Jean Chrétien is proposing to, pardon the pun, remount Canadian geography.

We speak of the renaming of Canada's highest peak, Mount Logan, as Mount Pierre Elliott Trudeau. Now there have been complaints about the proposal from historical-geographical conservatives. What of poor Sir William Edmond Logan, 19th-century geologist extraordinaire and the first native-born Canadian scientist to be inducted into Britain's Royal Society? Couldn't Mr. Trudeau be given some unnamed geographical thing -- a national park or a coast-to-coast trail?

While we have a certain sympathy with keeping faith with place-name history, it is overwhelmed by our delight at being able to measure Canadian prime ministers' place in history geographically.

For example, Mount Logan is not just high but, like Mr. Trudeau, often ineffable.
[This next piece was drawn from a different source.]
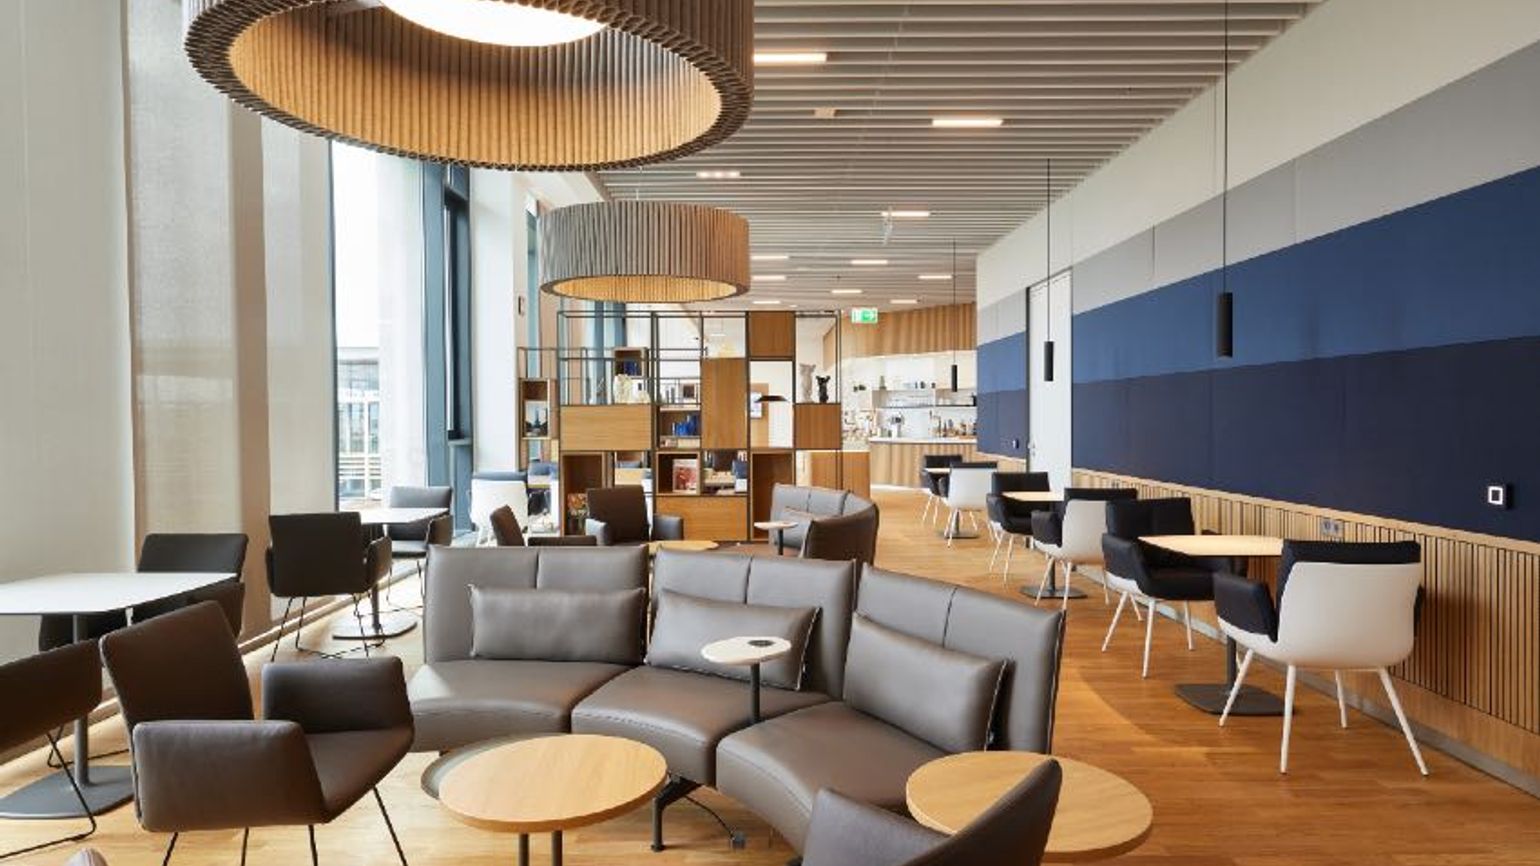 Lufthansa to open two new lounges at Berlin airport

First thought to be 6,050 metres high, then 5,950, Logan was finally recalibrated in 1992 at 5,959. This is still not a fixed measure, since the continental plate on which the peak sits is still rising.

Assuming a Mount Trudeau is near the top of the scale, Brian Mulroney deserves one of the bunny ski hills at Mont Tremblant, Jean Chrétien should be given whatever is the highest sand dune on Sable Island that day and Kim Campbell, Joe Clark and John Turner each get a dry gully in the Alberta badlands.

As to the rest, we leave that to your imaginations.